The comparisons of different algorithms involve textual descriptions and graphical plots. For graphing you will be using [matplotlib](http://matplotlib.org/index.html) to generate plots. [This tutorial](http://matplotlib.org/index.html) will be useful to go through to get you up to speed. For the textual descriptions you may wish to use [LaTeX](http://en.wikipedia.org/wiki/LaTeX) inline like $\mathcal{O}(n\log{}n)$. Double click this cell to reveal the required markup - and [see here](http://texblog.org/2014/06/24/big-o-and-related-notations-in-latex/) for useful guidance on producing common symbols used in asymptotic run time analysis.
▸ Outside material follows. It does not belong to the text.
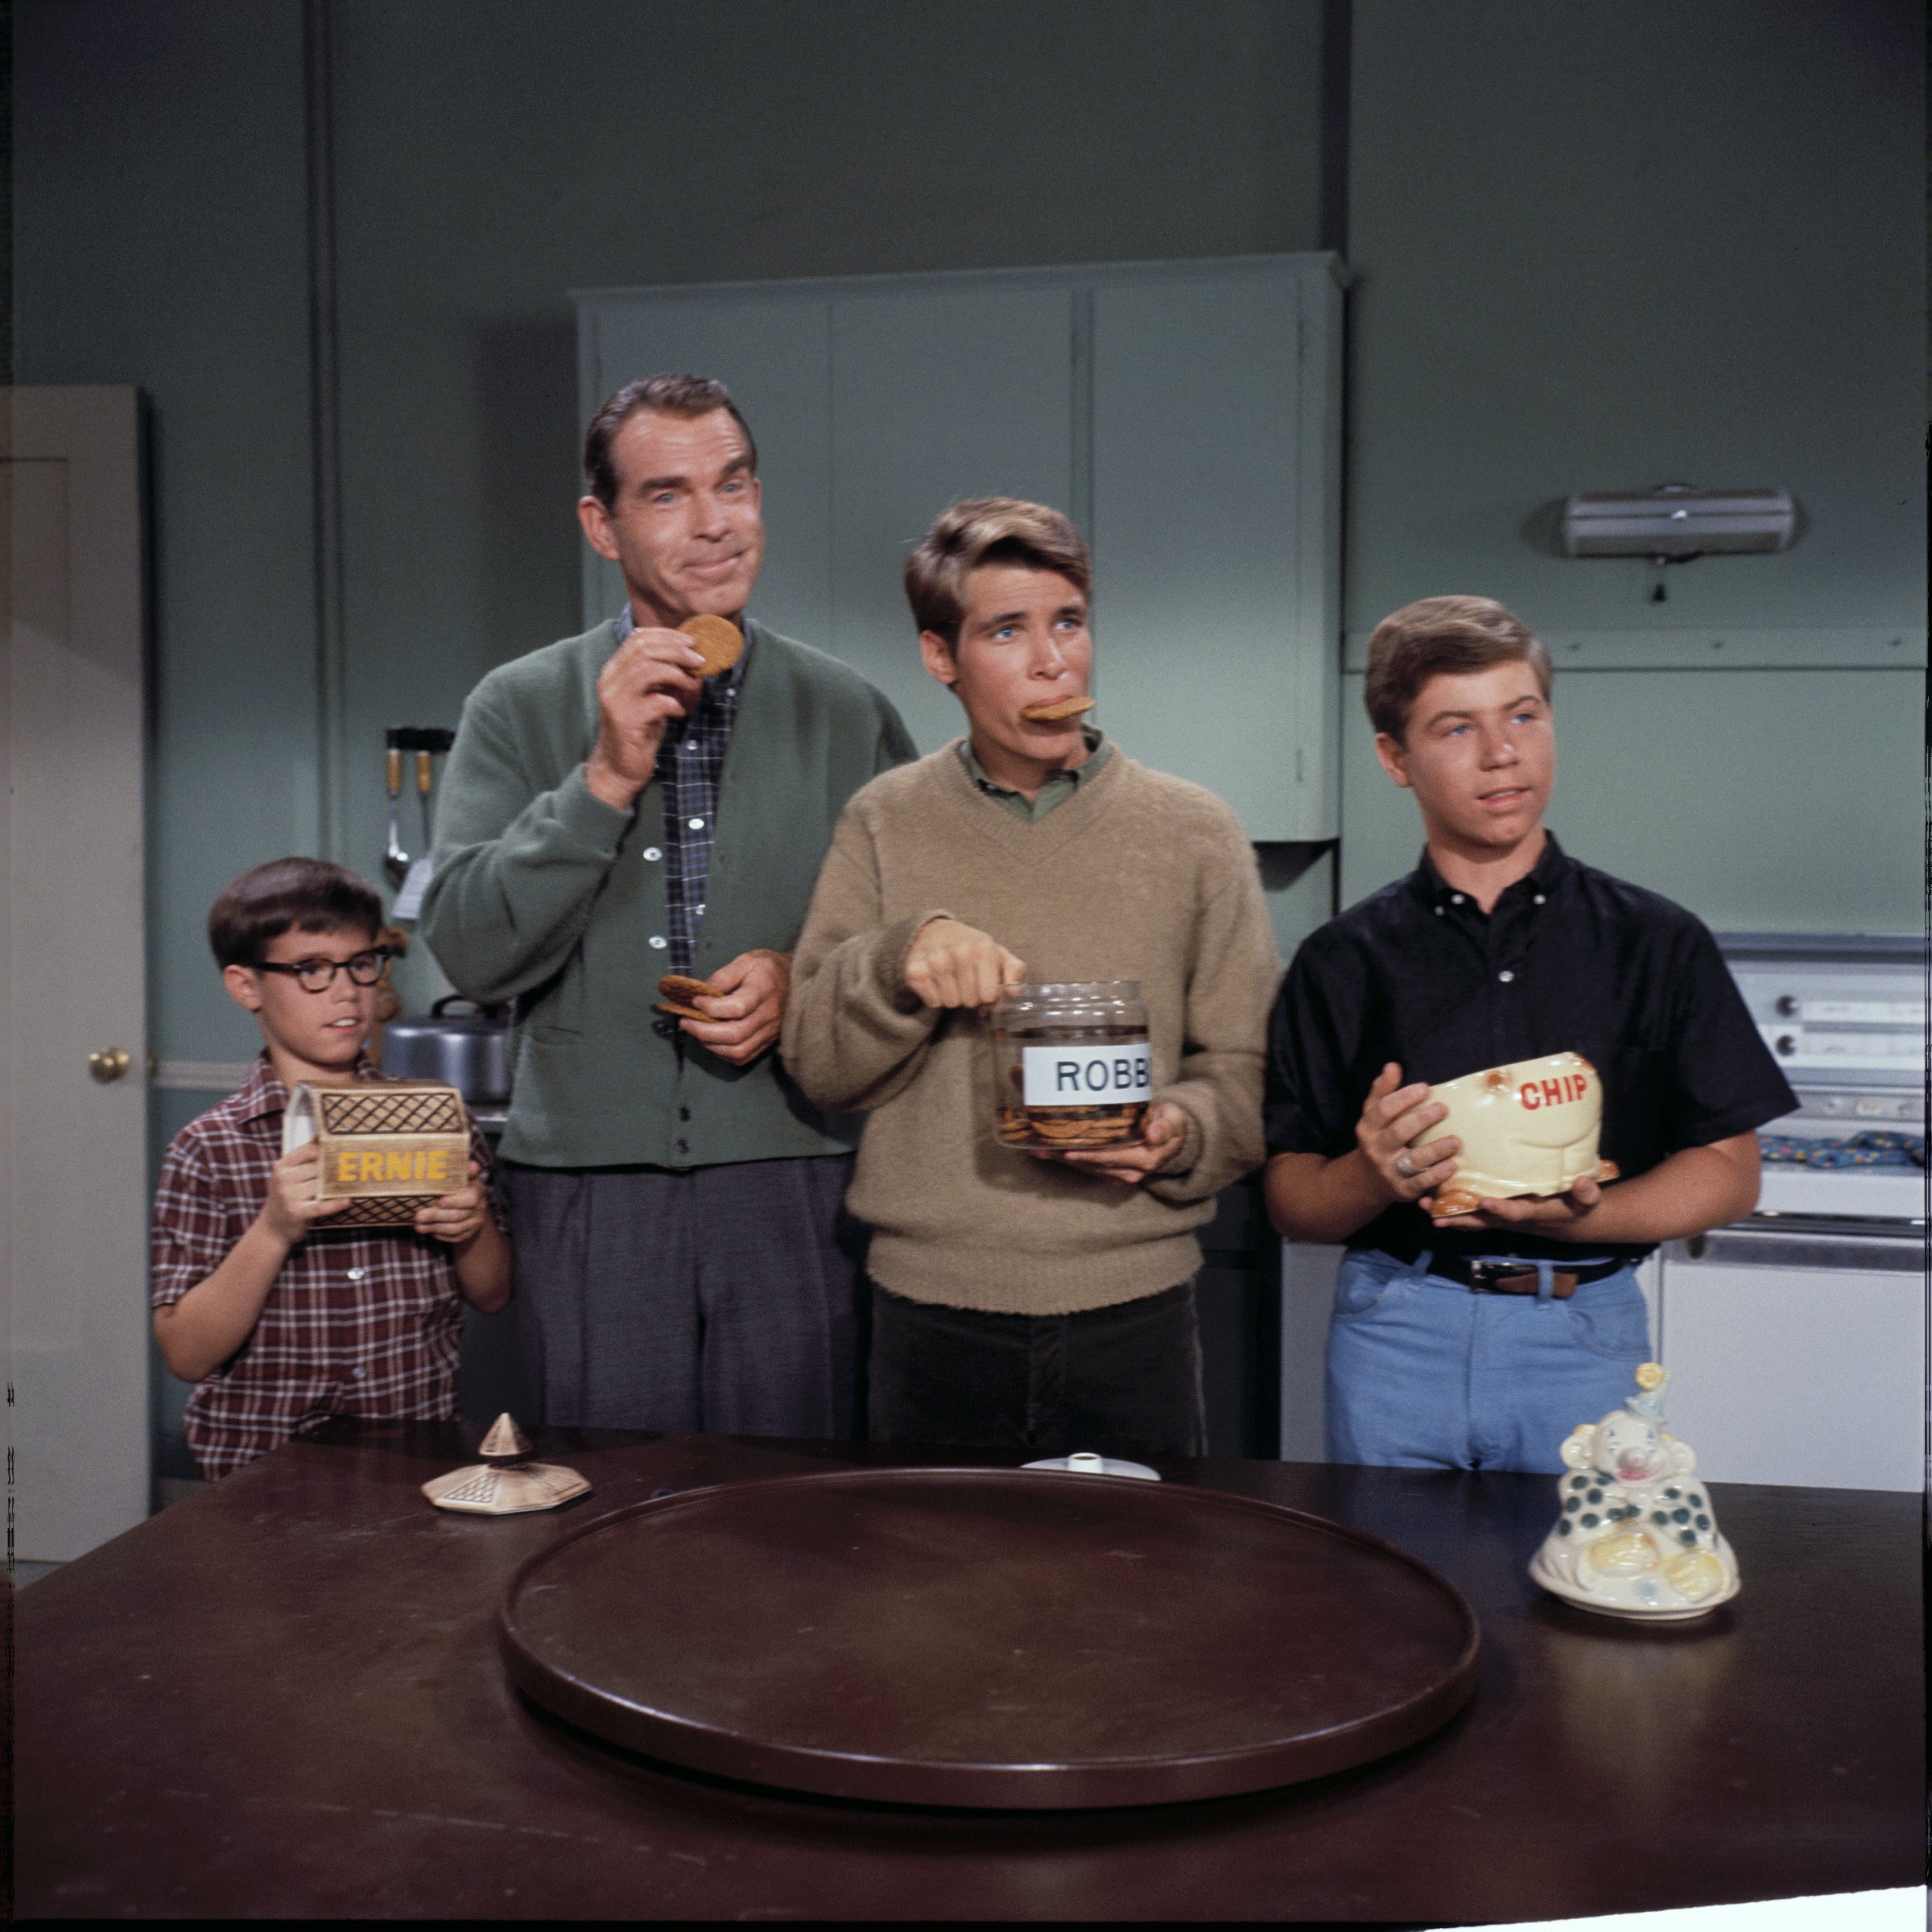 The cast of "My Three Sons," Barry Livingston as Ernie Thompson Douglas, Fred MacMurray as Steve Douglas, Don Grady as Robbie Douglas, and Stanley Livingston as Chip Douglas, were pictured while filming. | Source: Getty Images

# Preliminaries: helper functions

Here we define a collection of functions that will be useful for the rest of the coursework. You'll need to run this cell to get started.

In [None]:
# so our plots get drawn in the notebook
%matplotlib inline
from matplotlib import pyplot as plt
import numpy as np
from pathlib import Path
from sys import maxsize
from time import clock
from urllib.request import urlretrieve

# a timer - runs the provided function and reports the
# run time in ms
def time_f(f):
    before = clock()
    f()
    after = clock()
    return after - before

# we can get a word list from here - we download it once
# to 'wordlist.txt' and then reuse this file.
url = 'http://www.doc.ic.ac.uk/~bglocker/teaching/wordlist.txt'
if not Path('wordlist.txt').exists():
    print("downloading word list...")
    urlretrieve(url, 'wordlist.txt')
    print('acquired word list.')
    
with open('wordlist.txt') as f:
    # here we use a *set* comprehension - just
    # like we've done with lists in the past but
    # the result is a set so each element is
    # guaranteed to be unique.
    # https://docs.python.org/3/tutorial/datastructures.html#sets
    # note that you can loop over a set just like you would a list
    wordlist = {l.strip() for l in f.readlines()}
    print("loaded set of words into 'wordlist' variable")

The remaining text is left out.